Manilatown will be housed in a 2,400-square-foot space on the first floor of the new International Hotel Senior Housing building.

The August opening will mark the 28th anniversary of the eviction of the manongs. The new Manilatown will function as a community center, an exhibition hall and a living historical homage to the manongs in the form of photos, films, art and lectures. Window panels will be etched with old photos of manongs from the original I-Hotel. A ``Legacy Wall'' will bear the names of donors, inscribed on glass panels over a wall of bricks from the old hotel.

As in the original I-Hotel, a rooftop garden will crown the 17-story building, where seniors can tend their plants.

``It's the manongs who paved the way for us to have a better life,'' said Filipinas Magazine publisher Mona Lisa Yuchengco, who arranged the meeting between the Banataos and Emil De Guzman, president of the Manilatown Heritage Foundation and a former tenant of the I-Hotel.

``For me, the significance of this center is its history,'' said Yuchengco, who immigrated in 1982. ``That's my personal interest and having this legacy passed on to our children.''

The powerful symbolism of Manilatown is drawing Filipino-Americans like Tess Crescini, a San Jose real estate agent, to help raise funds for the project. Crescini is president-elect of the Filipino American Real Estate Professional Association, based in Milpitas, a group that has donated $1,000 to Manilatown.

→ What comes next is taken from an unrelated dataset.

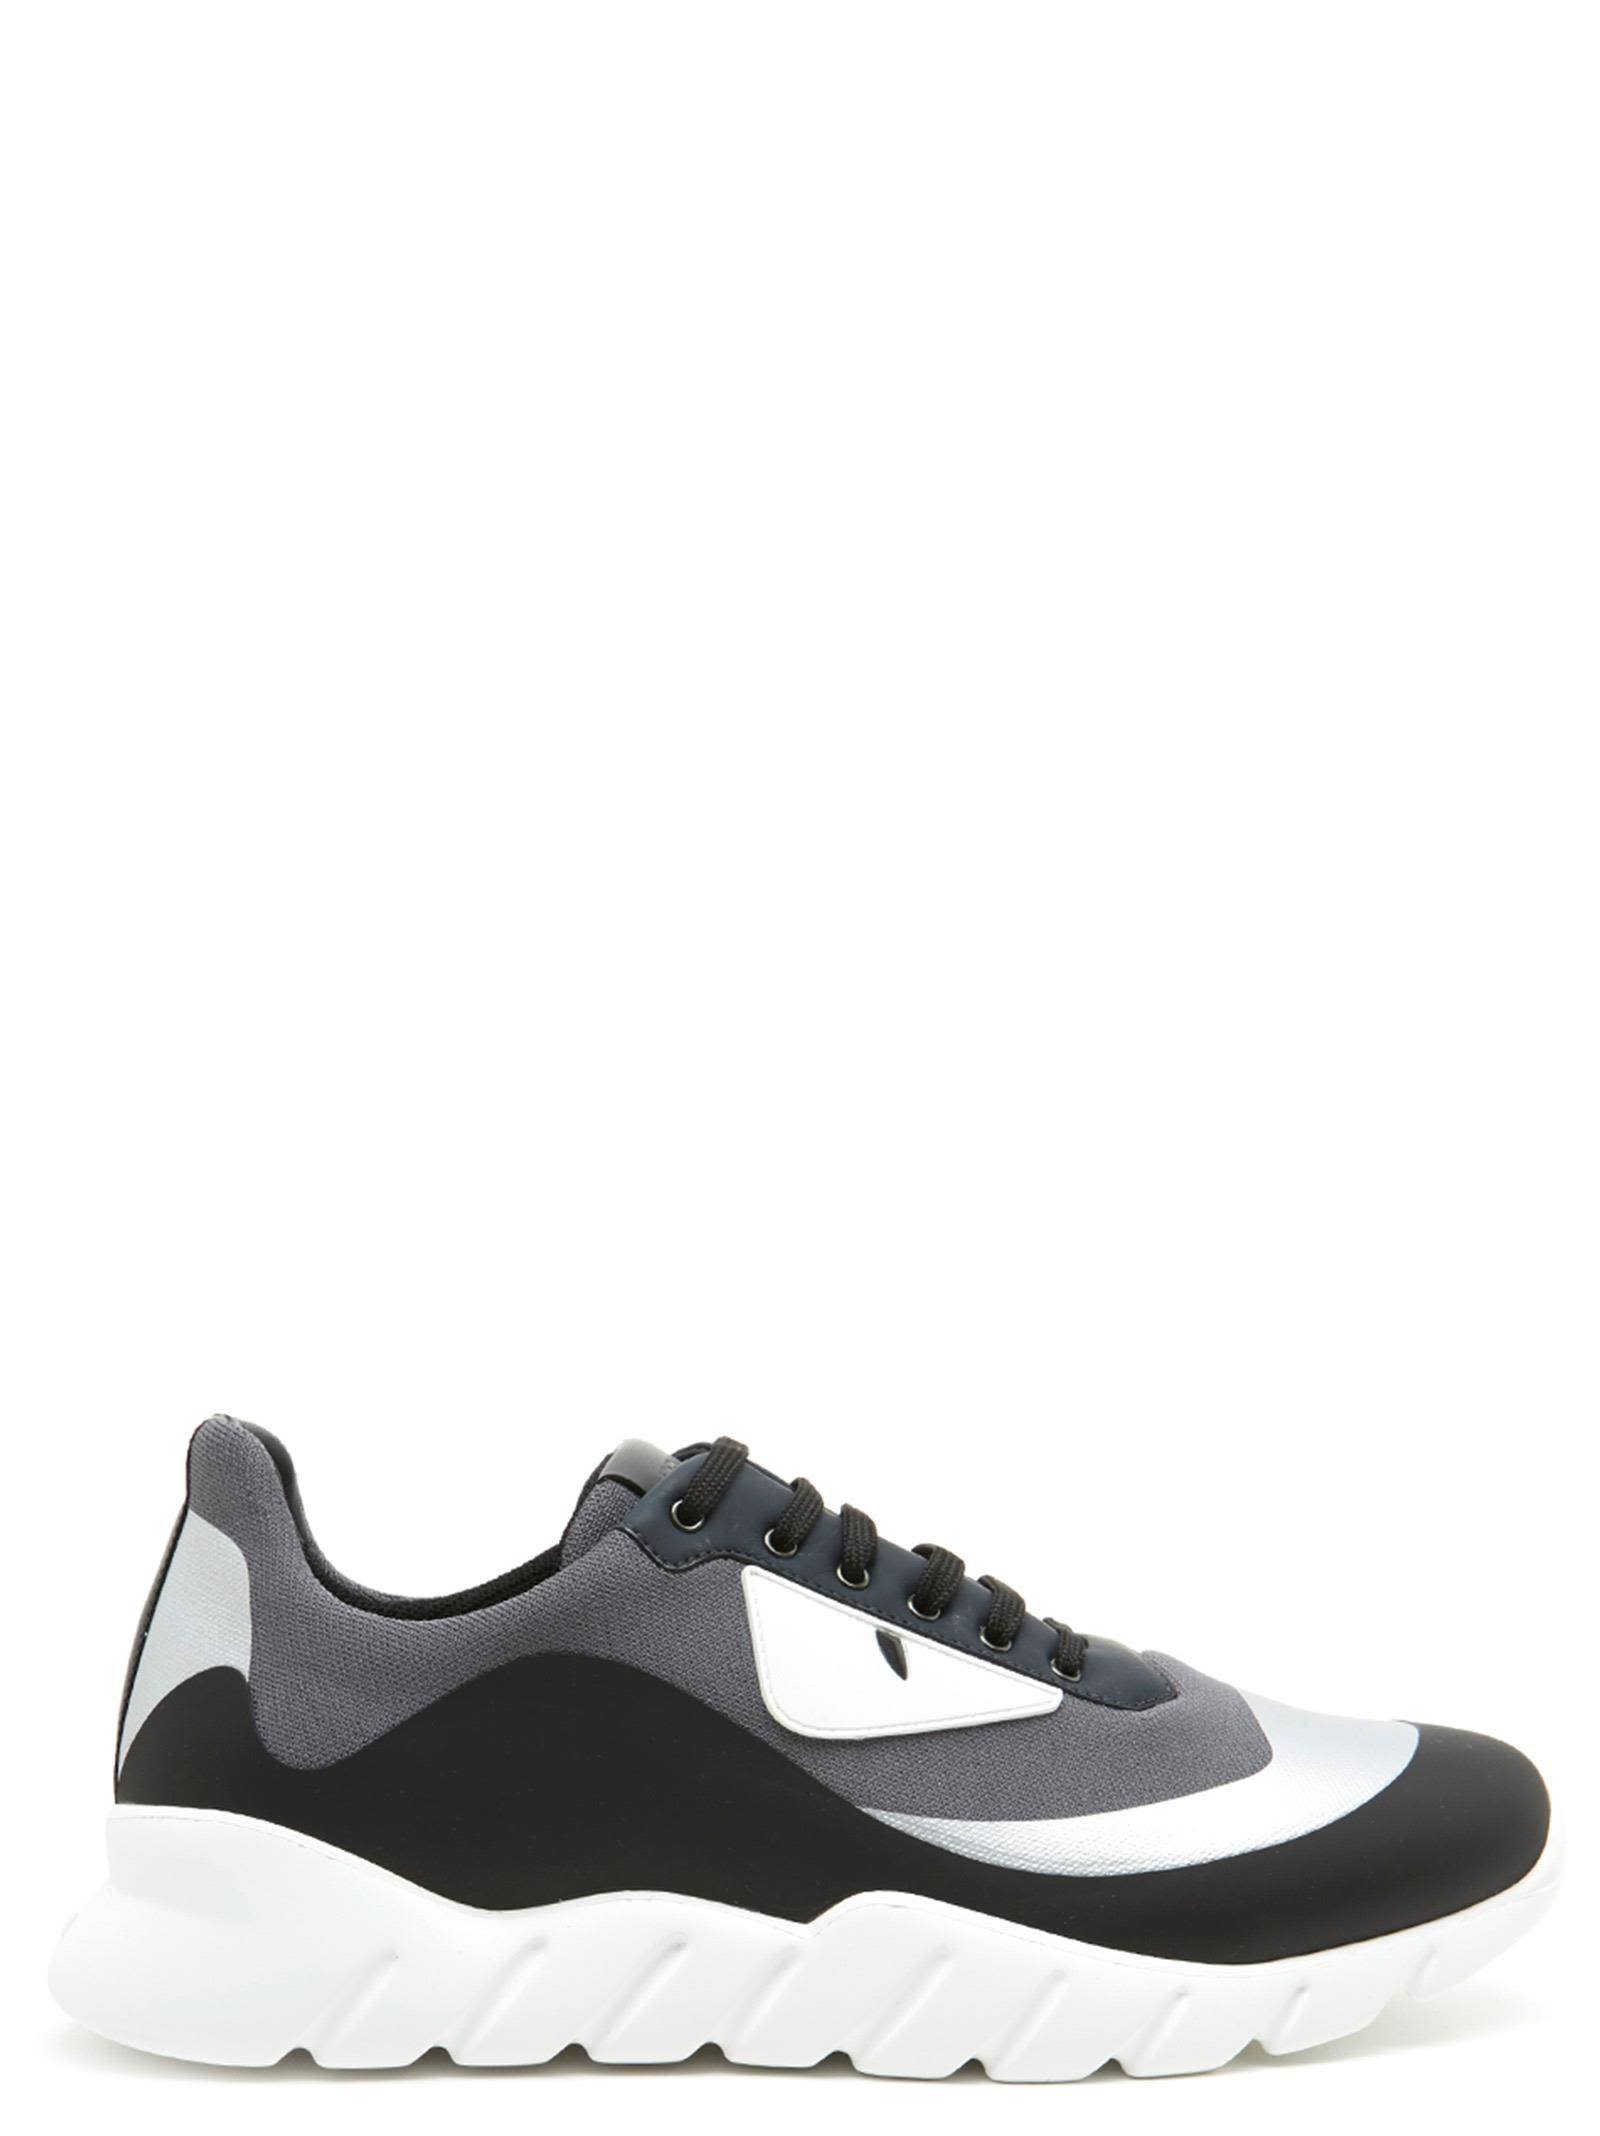 5a60891dd10f FENDI SNEAKERS.  fendi  shoes

Crescini was 13 when she and her father arrived in California in 1969. That year, developers announced plans to tear down the I-Hotel and make way for a parking lot.

Working in the farm fields in Stockton, sometimes translating for the manongs there, Crescini heard her first stories about the I-Hotel.

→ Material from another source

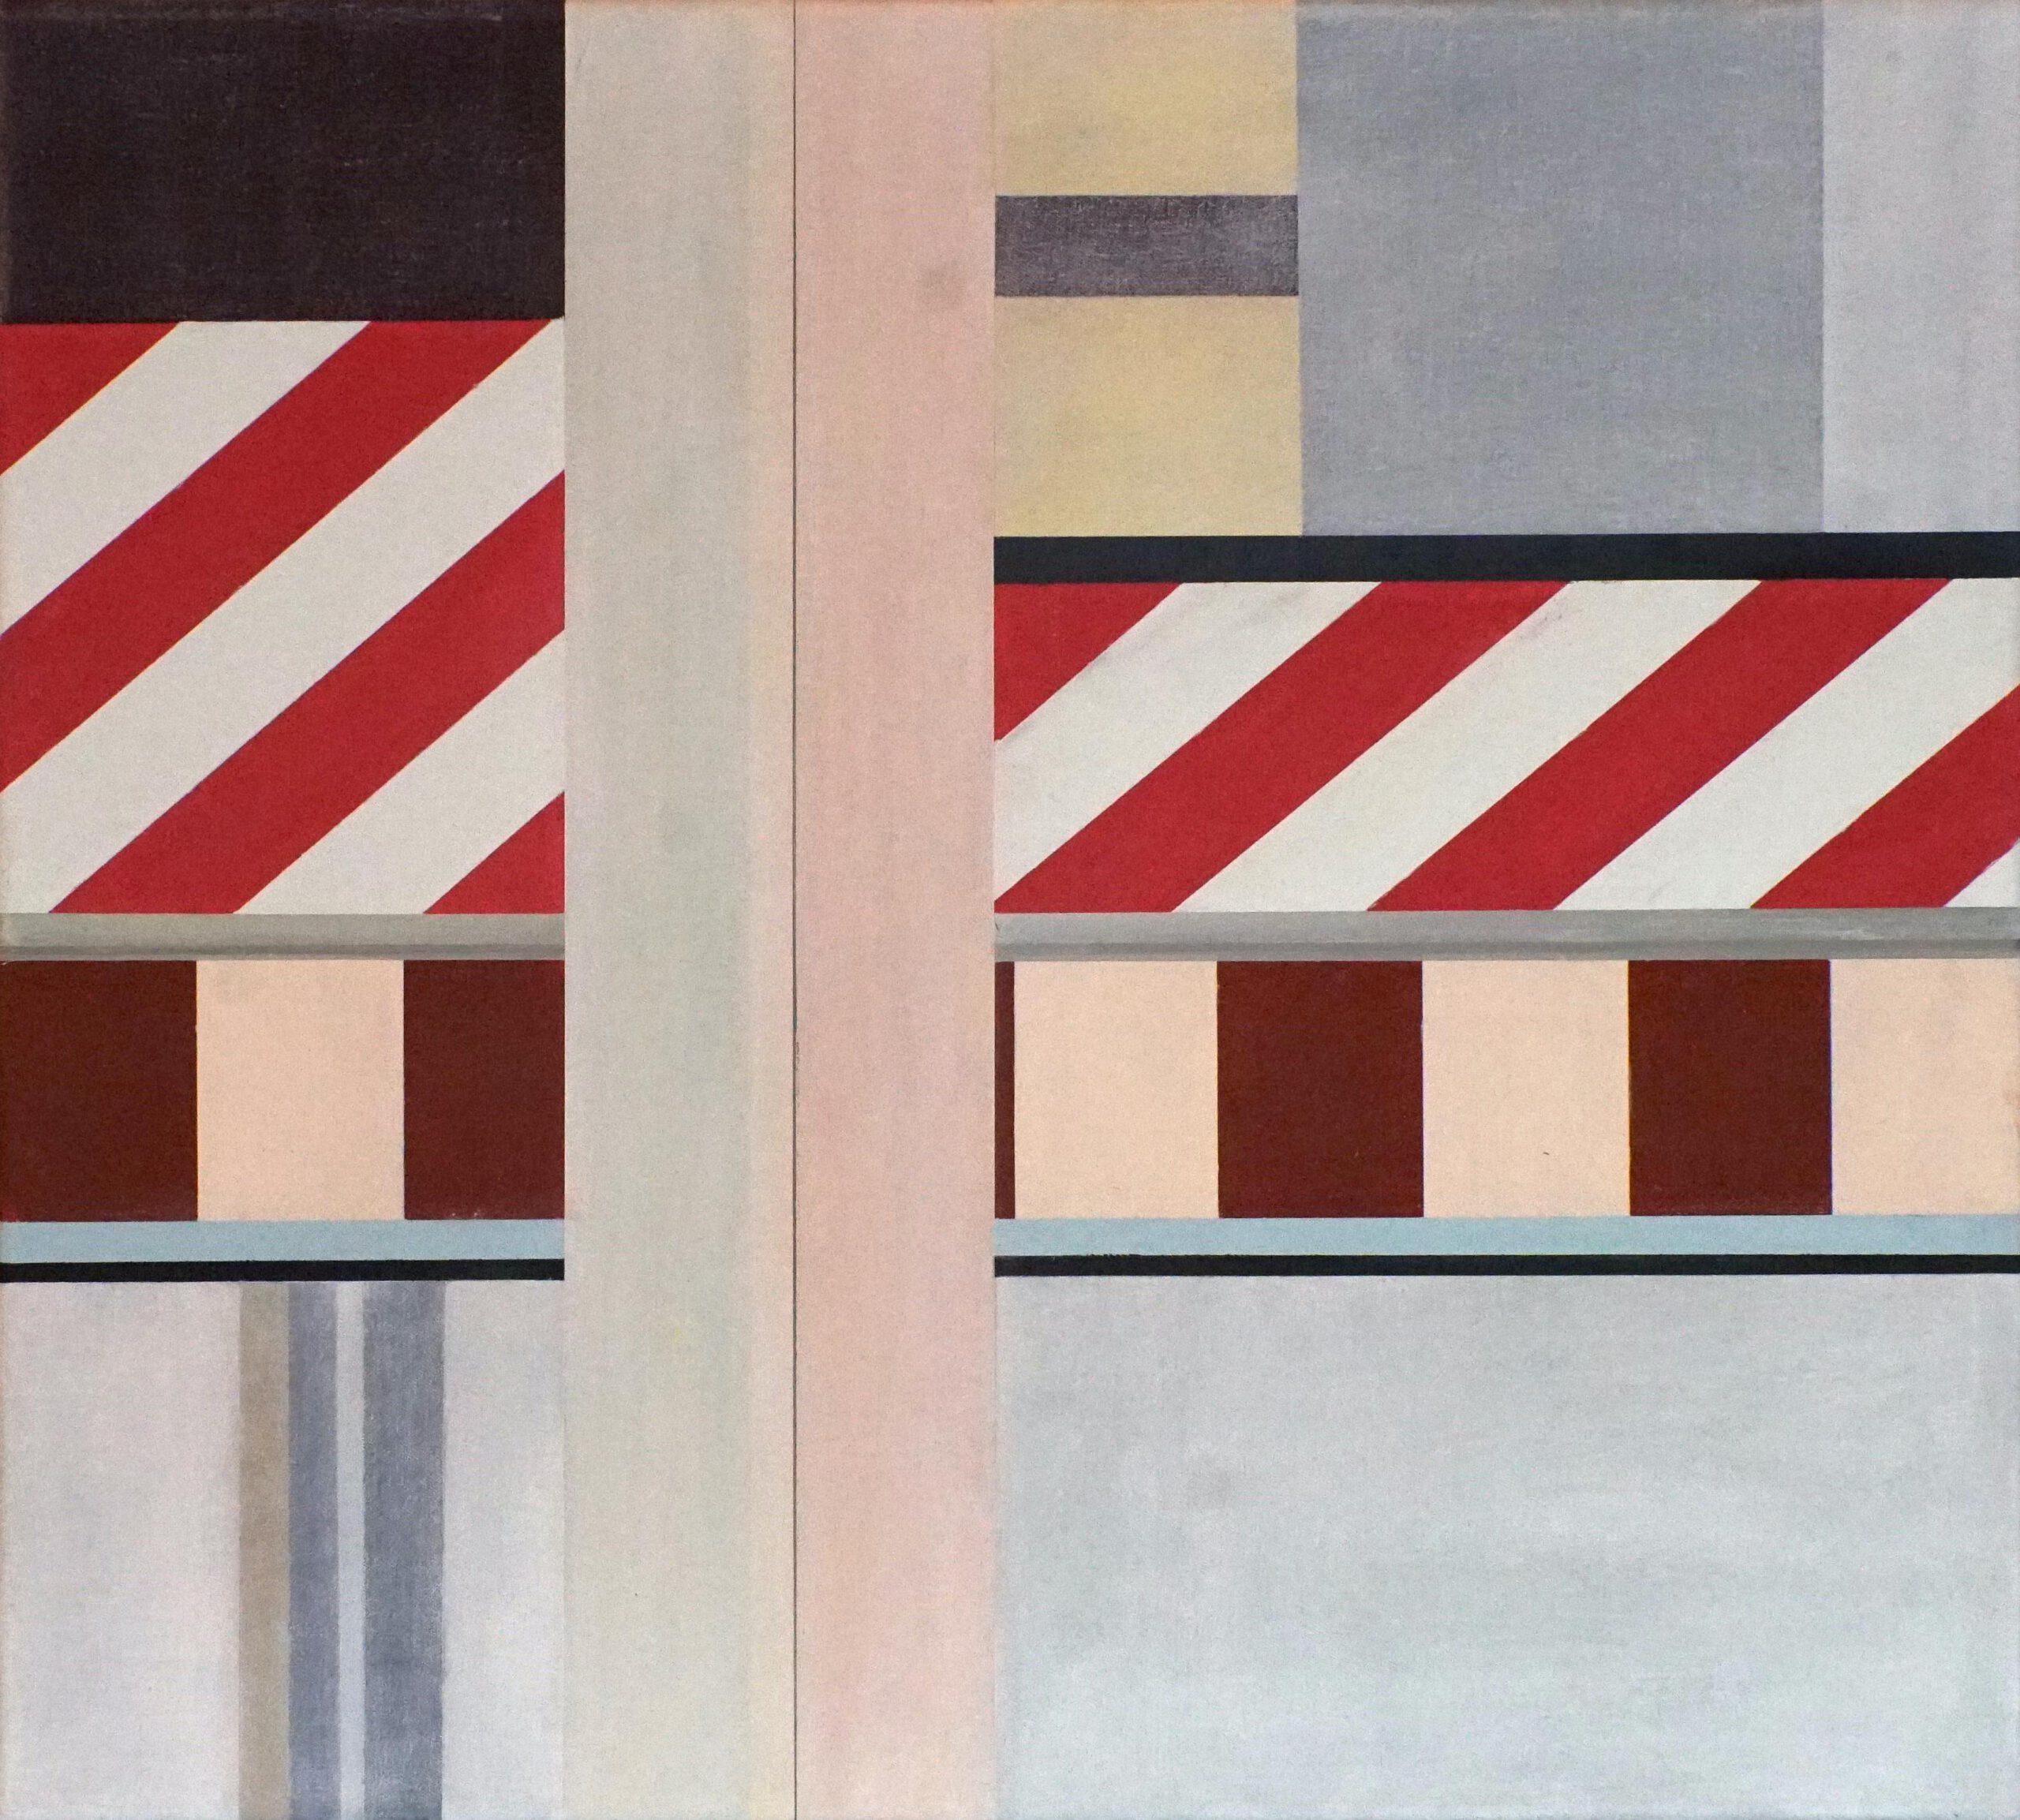 Chinatown VII, 2020, 45 x 50 cm, Öl/Lw, Oil on Canvas

``I was too young to be politically aware,'' said Crescini, who has donated to the project and urged others to do the same. ``But I understood that manongs were being kicked out. I talked about this with my Chinese friends and we felt kind of helpless.''

Crescini was attending San Jose State University by the time the tenants of the I-Hotel were evicted in 1977. She believes the story of the I-Hotel, the middle-of-the-night eviction of old immigrants, is a story of an injustice that resonates with Filipino-Americans everywhere.

``I came to this country with a lot of idealism,'' she said. ``The I-Hotel thing made me wonder as a kid, `How come we're not being treated fairly?' ''

De Guzman, photographed struggling with a San Francisco policeman during the 1977 eviction, said it took a generation to answer the question posed by a younger Crescini.